**What the task requires**
Exclude the pictures. Transcribe exactly, and only, the lines from the one holding "Animali Ereditieri Quali" to the end of the material below.

**Input data**
╔══

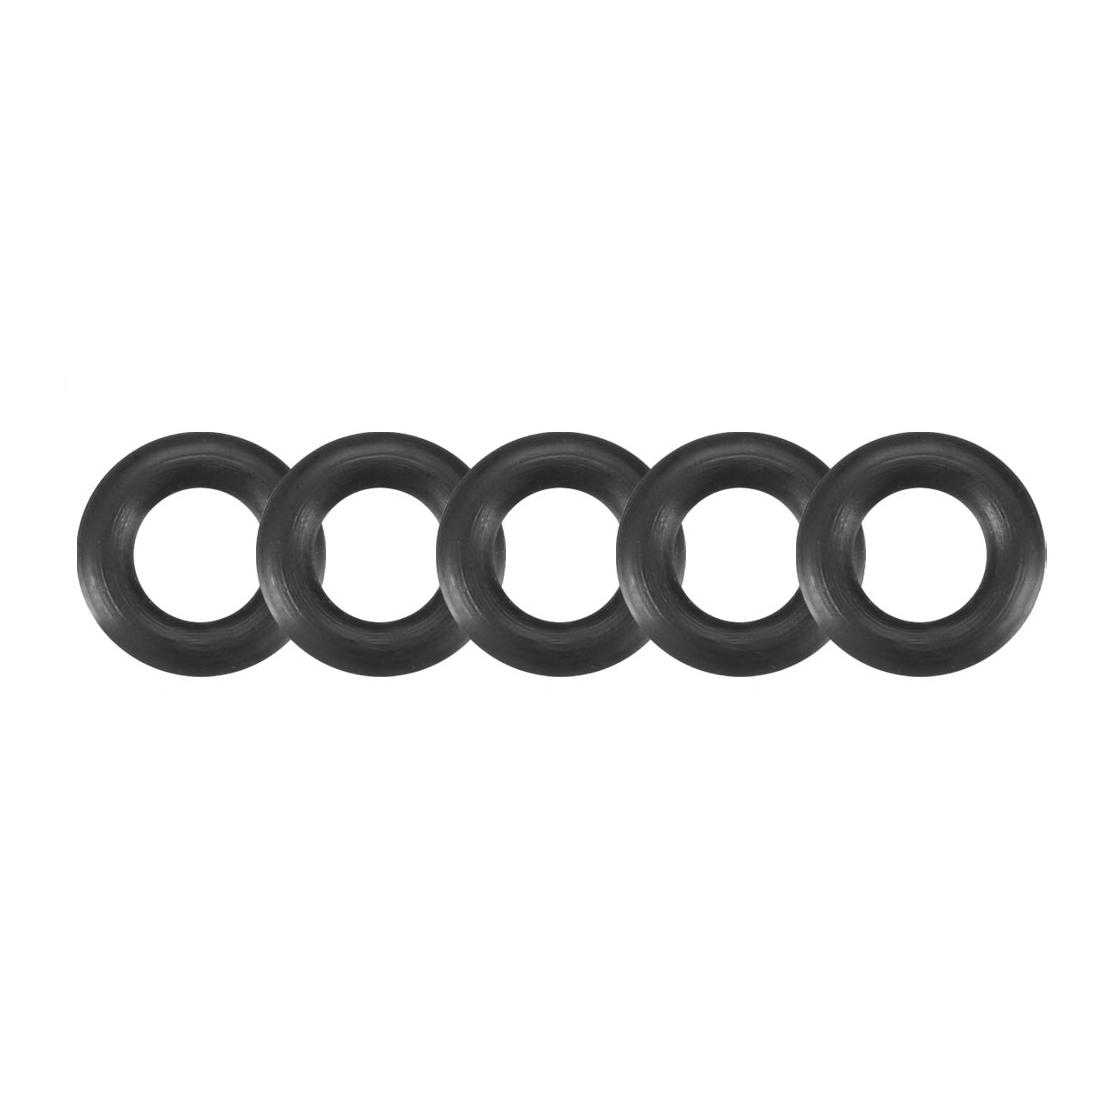 30 Pcs Black 8mm x 2mm Rubber Oil Resistant Sealing Ring O-shape Grommets
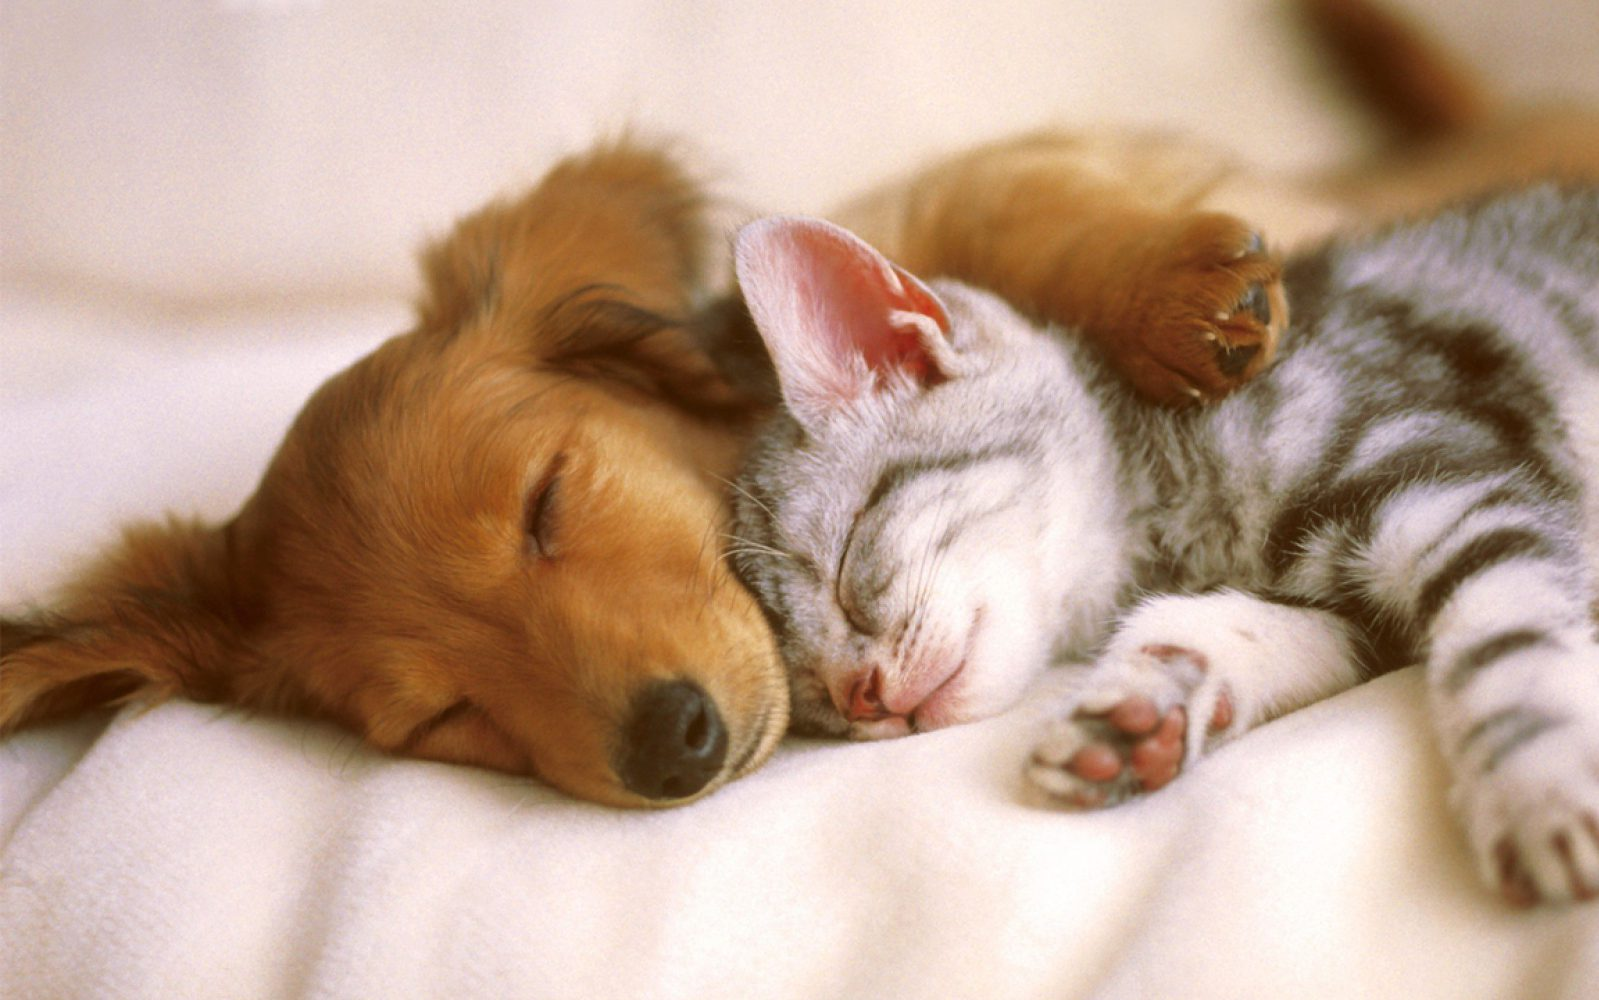 Animali Ereditieri Quali I Più Famosi Alberto Onofri Chiari Blog
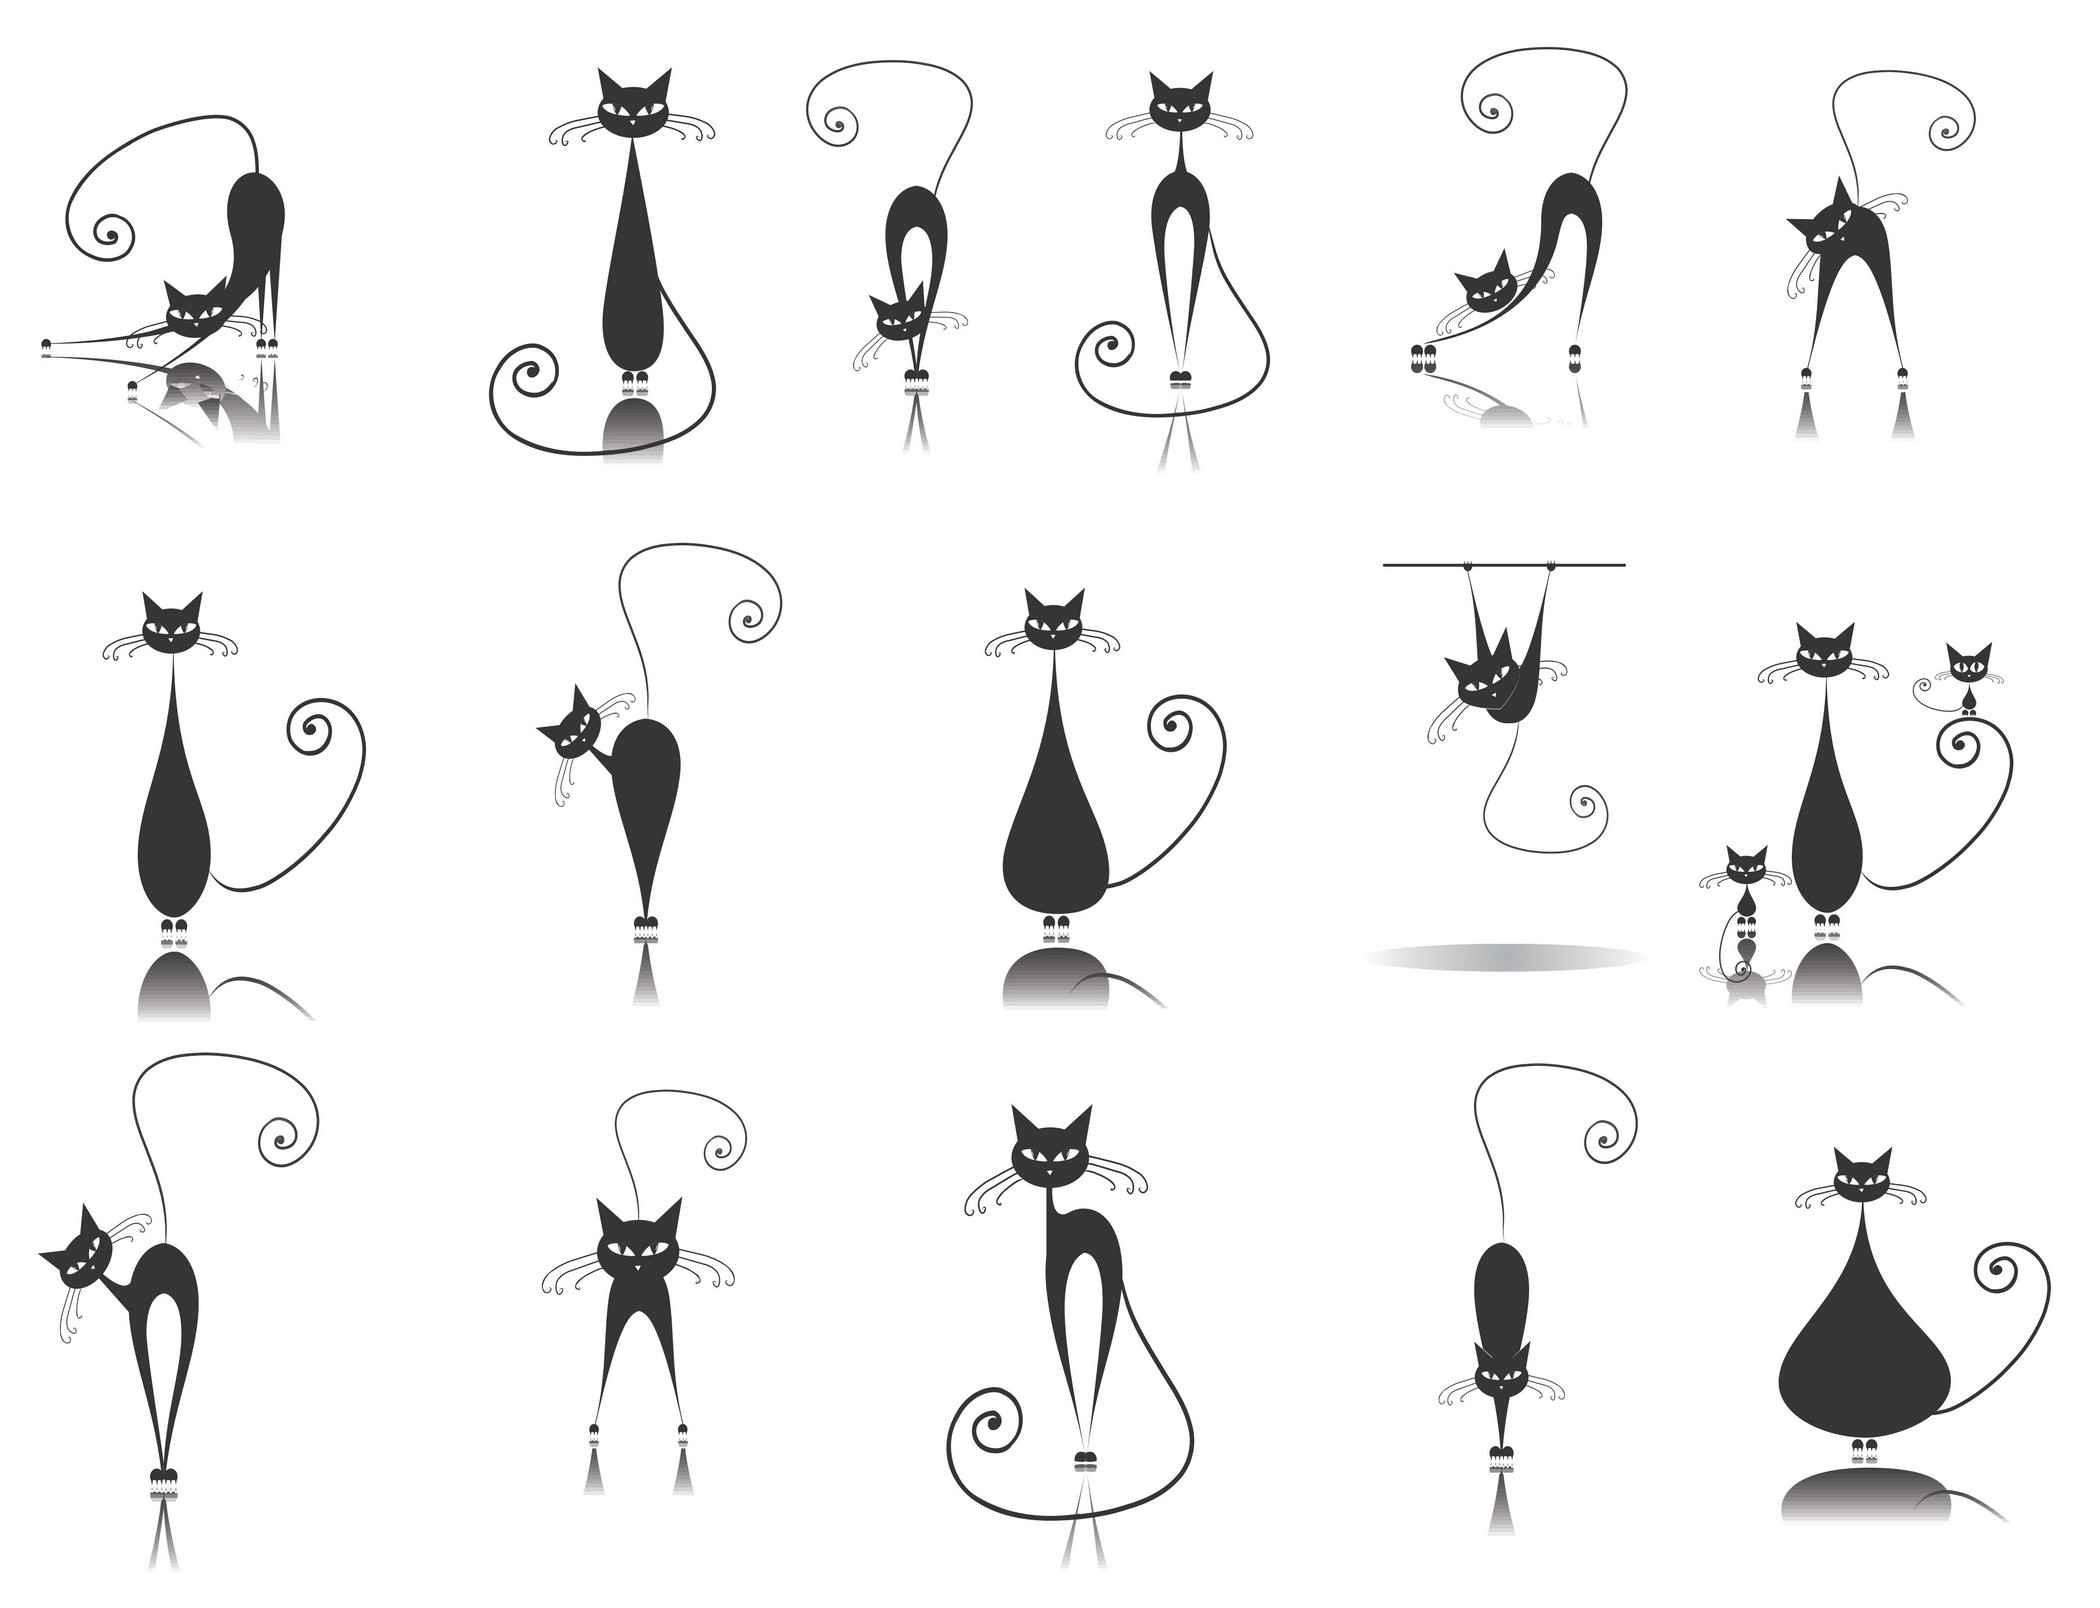 Cute cartoon animals [Cats] png

╚══

**Expected output**
 Animali Ereditieri Quali I Più Famosi Alberto Onofri Chiari Blog
 Cute cartoon animals [Cats] png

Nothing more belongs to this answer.